The 6+5 rule was declared illegal by the European Union and rejected by the Parliament in May 2008 as violating Article 48 of the EC Treaty.
The independent Institute for European Affairs (INEA) was then set up by Fifa to investigate the situation, and it declared in February 2009 that the 6+5 rule “can be implemented in line with European Community law.” They chose not to explain exactly how.
And thus it was that the notion of negotiation between Fifa or Eufa and the ECA was born and died at the same died. Negotiation for Fifa always means you pay and we do it our way.
Now Karl-Heinz Rummenigge, the chairman of the ECA, has called for a club-led “revolution” against the corruption that is endemic in the game.
And by and large I’d vote for that.
Mr Rummenigge is the CEO at Bayern Munich and he is quoted as saying that he has watched the “daily corruption process at Fifa” and asked the footballing authorities “to recognise that it’s time for democracy, transparency and the right balance in the football family”.
“I don’t accept any longer that we [should be] guided by people who are not serious and clean,” he said. “Now is the moment to intervene. Because knowing something is wrong is an obligation to change.”
Mr Rummenigge also said there was a groundswell of public support for his stance in the wake of recent scandals, the life-ban for Mohamed bin Hammam and “questions about the Qatari World Cup”. He stated that there was discontent in Germany, Switzerland and England.

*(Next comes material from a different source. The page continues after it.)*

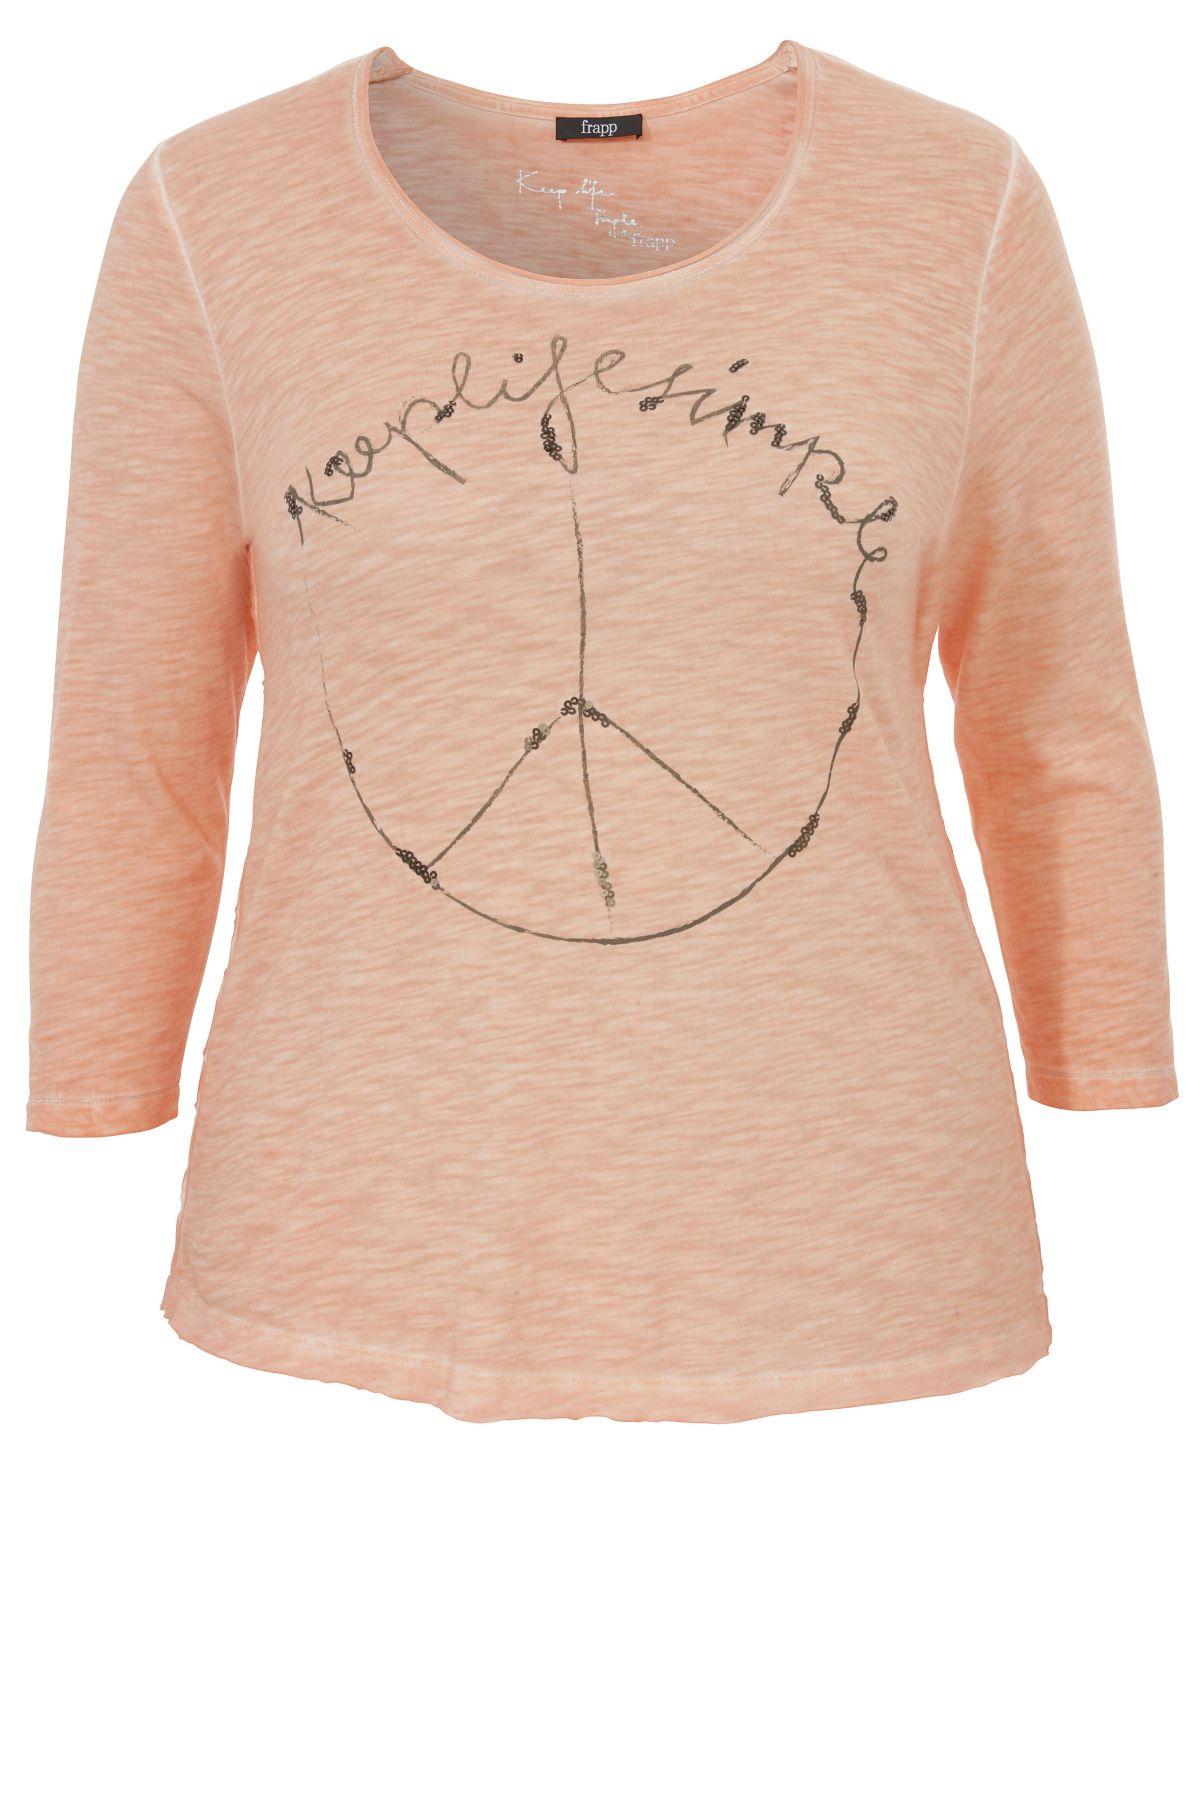 FRAPP Shirt mit Peace-Motiv

Mr Rummenigge was particularly strong in attacking Sepp Blatter, which the FA and its cronies across the world has not been able to do – something that the ECA recognises.
The new plan is revolutionary. “All stakeholders – clubs, associations, players, referees, and women’s football – have a right to be involved in the decision-making process.”
Of course top of the agenda is not 6+5 which the EU believes to be illegal in Europe, no matter what Fifa says, but rather the insane number of international games played each year. The CEO noted that between 1980 and 2016 the number of teams in the European Championship has trebled. And here was his key point:
“The clubs pay the players but are not part of the decision-making process.We are not treated respectfully.”
So what now, since we all know that Fifa and Uefa will never give up any power.
Mr Rummenigge suggested a breakaway movement if the ECA’s position is not addressed. “I will give them a chance but I’m ready for a revolution if that’s the only way to come to a solution,” he said.
And I for one will be there waving the flag.